[What is required]
Nothing should appear in the answer except the lines from the one with "English table clock, mahogany" through the end of the listing below, transcribed exactly and without pictures.

---------- Given data ----------

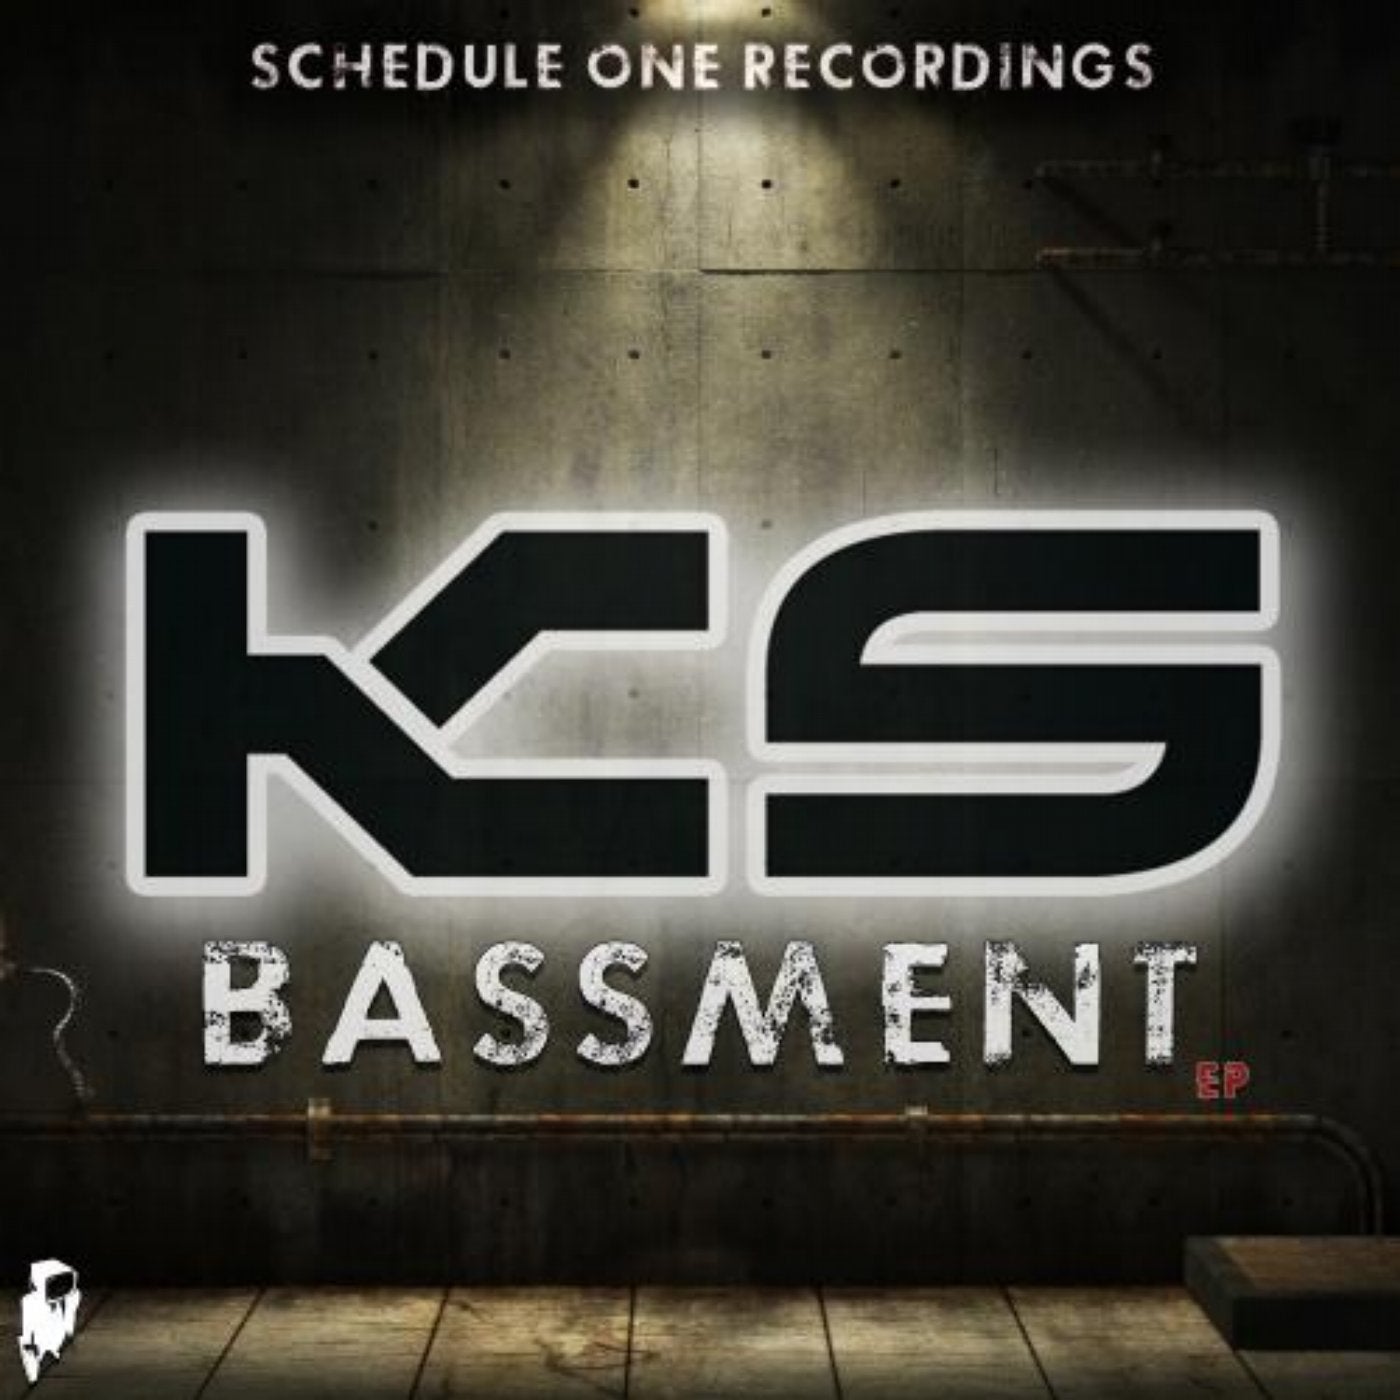 Bassment EP
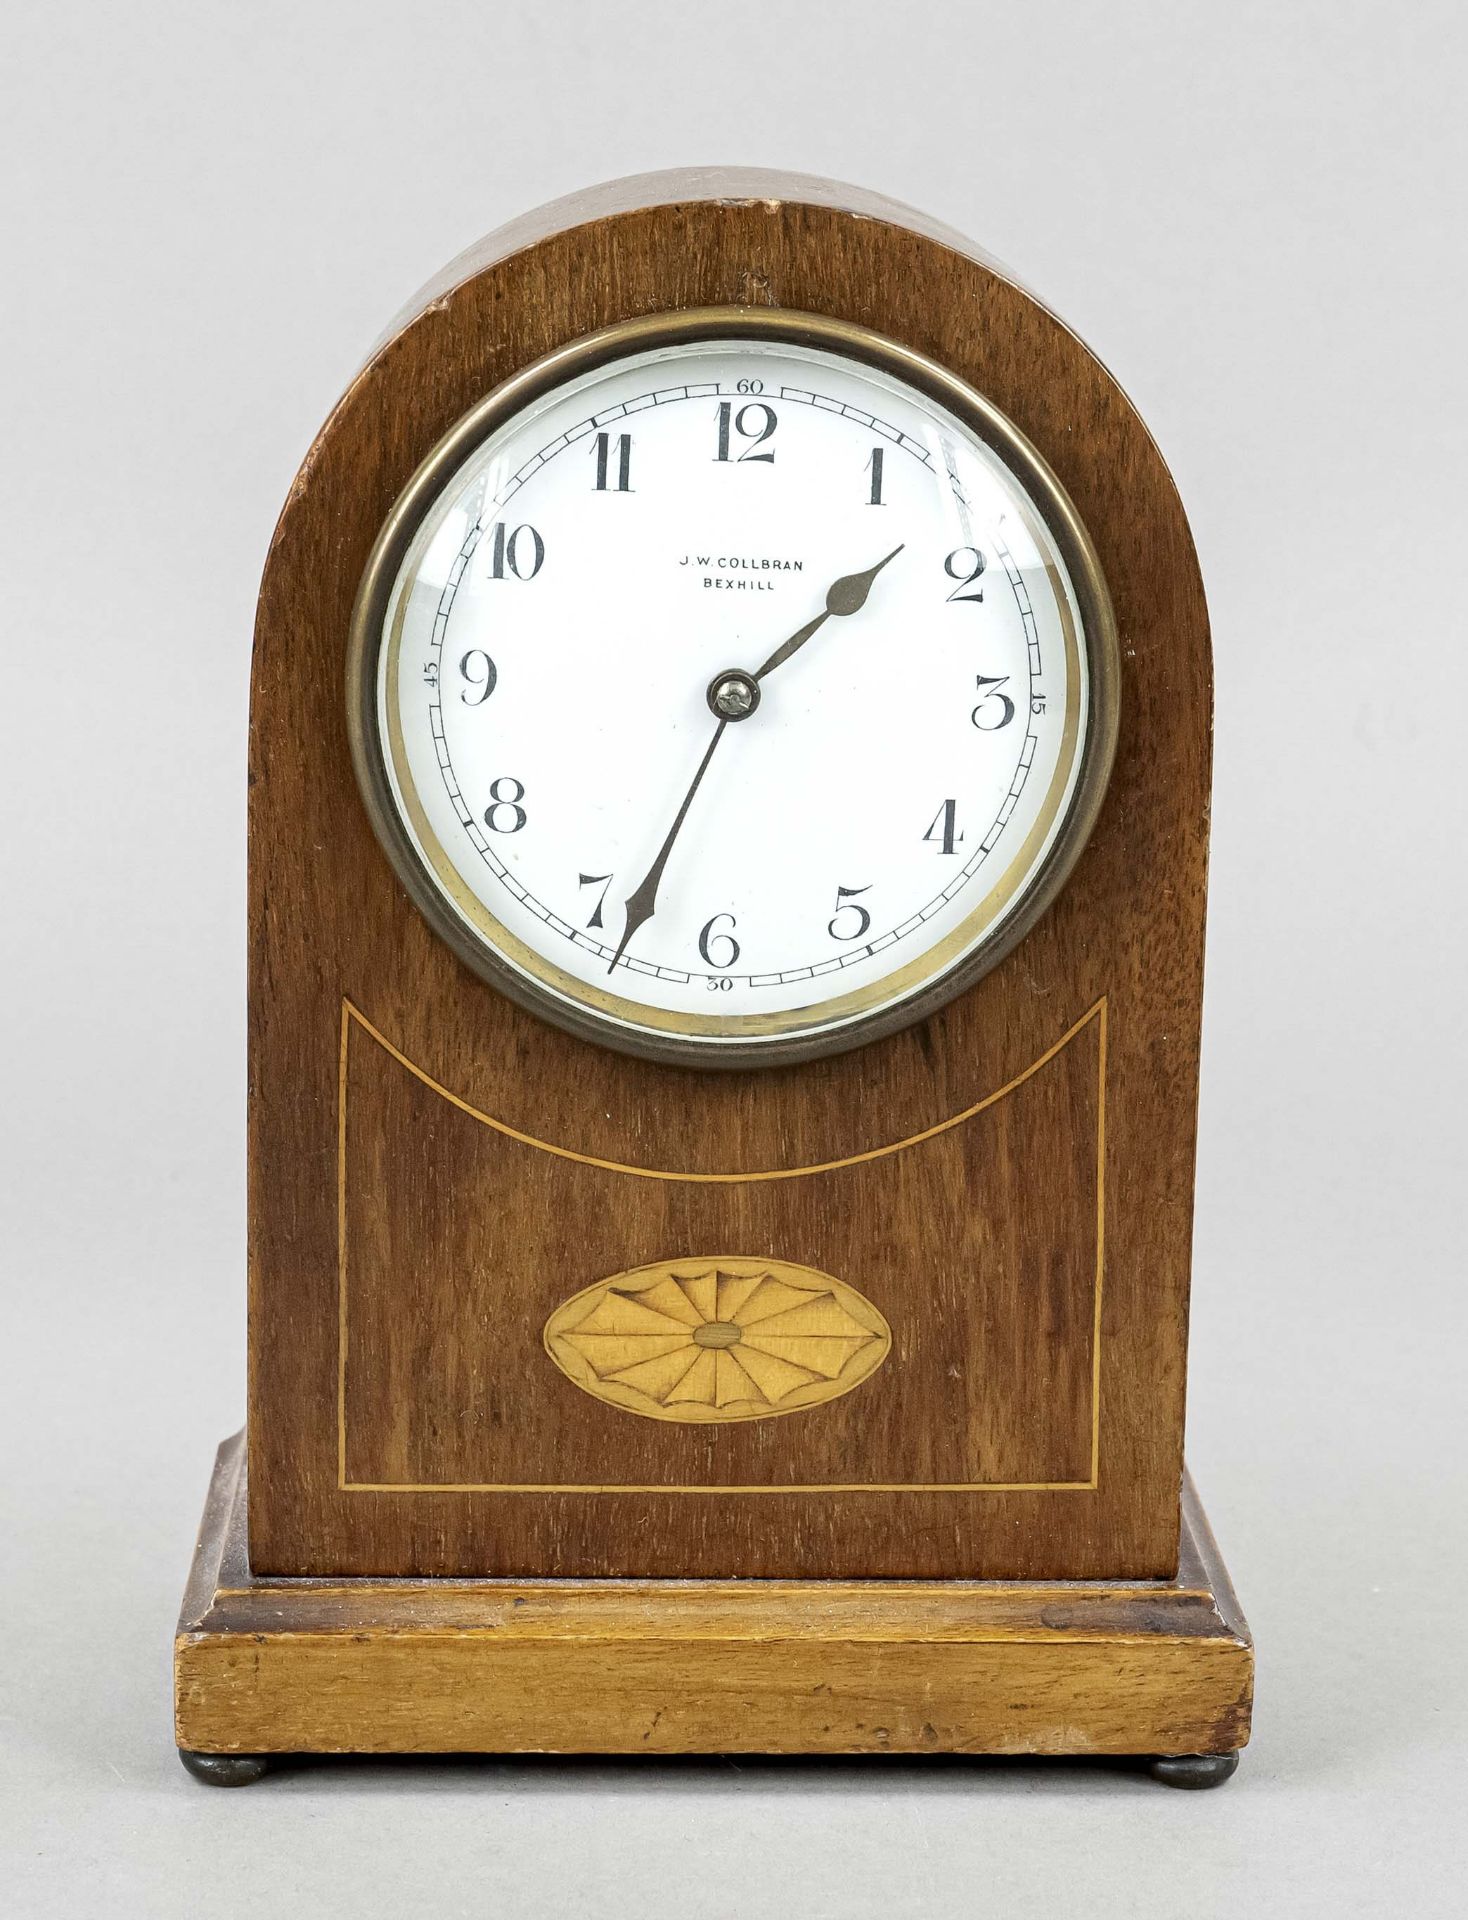 English table clock, mahogany wood, marked J.W. Collbran - Bexhill, circa 1900, round head, base
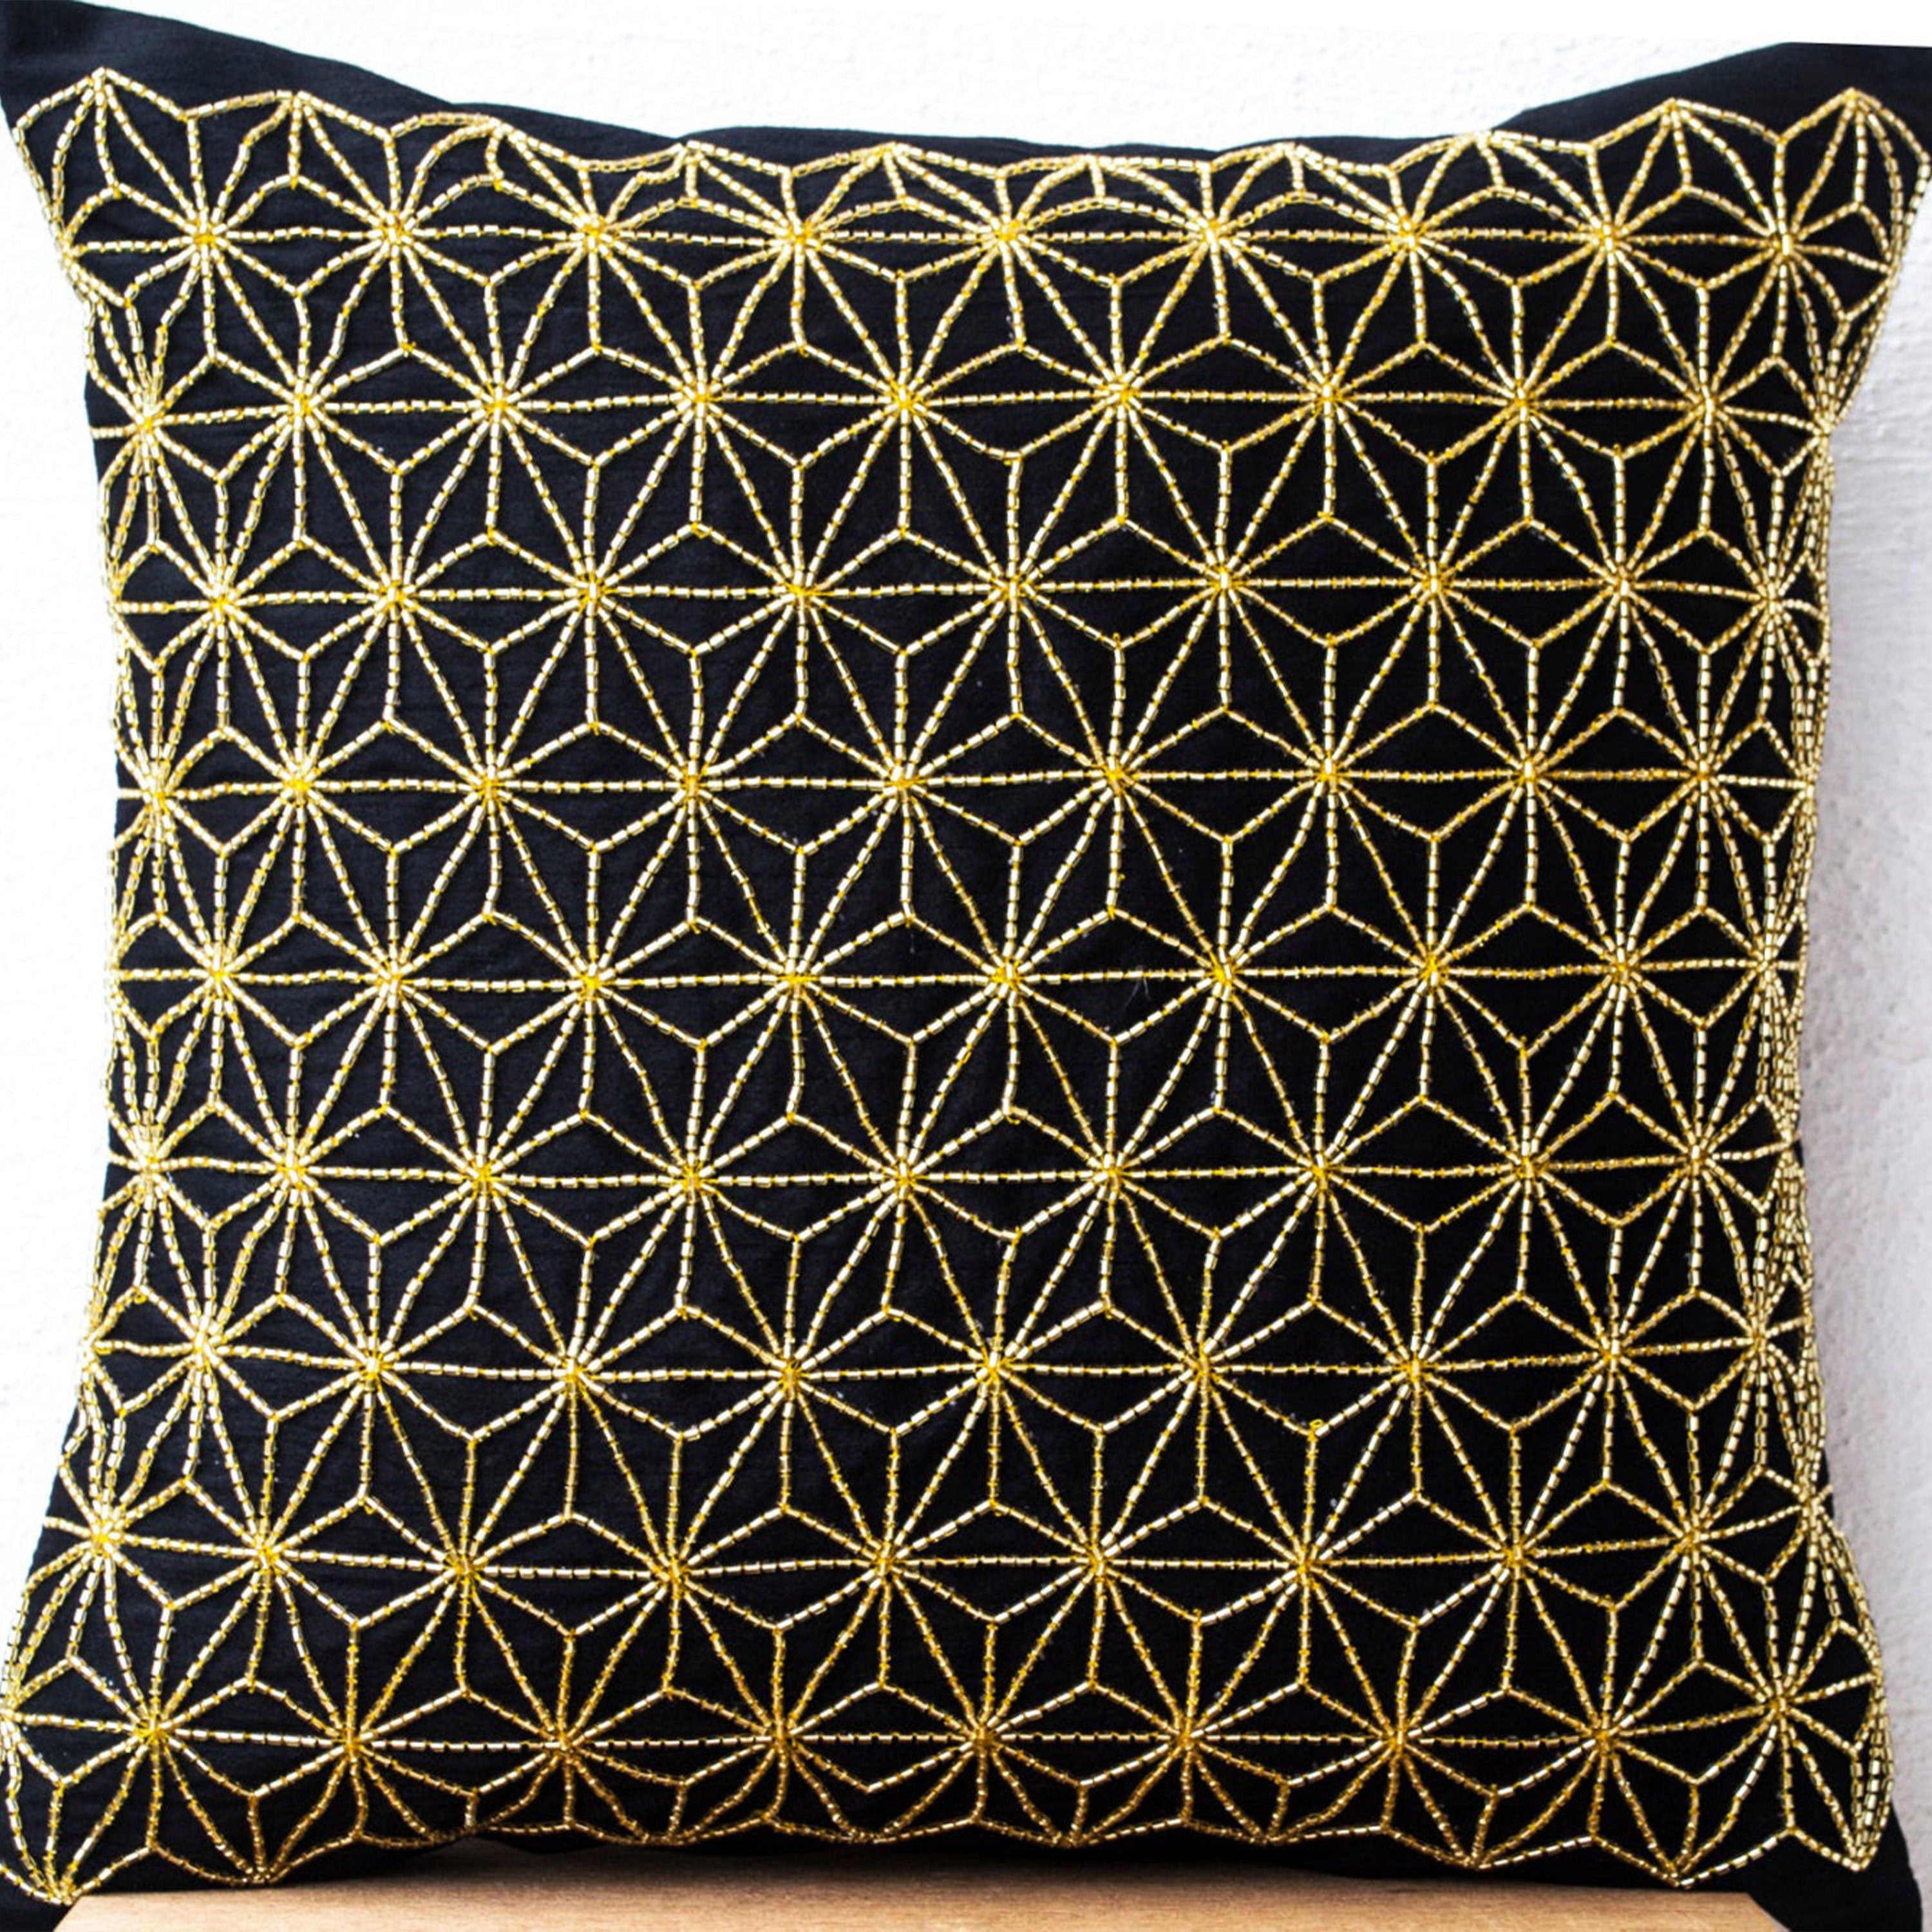 Gold Hemp Leaf Embroidery Sashiko Pillow Case On Black Faux Silk Designer Cushion

----------

[Answer below]
 English table clock, mahogany wood, marked J.W. Collbran - Bexhill, circa 1900, round head, base
 Gold Hemp Leaf Embroidery Sashiko Pillow Case On Black Faux Silk Designer Cushion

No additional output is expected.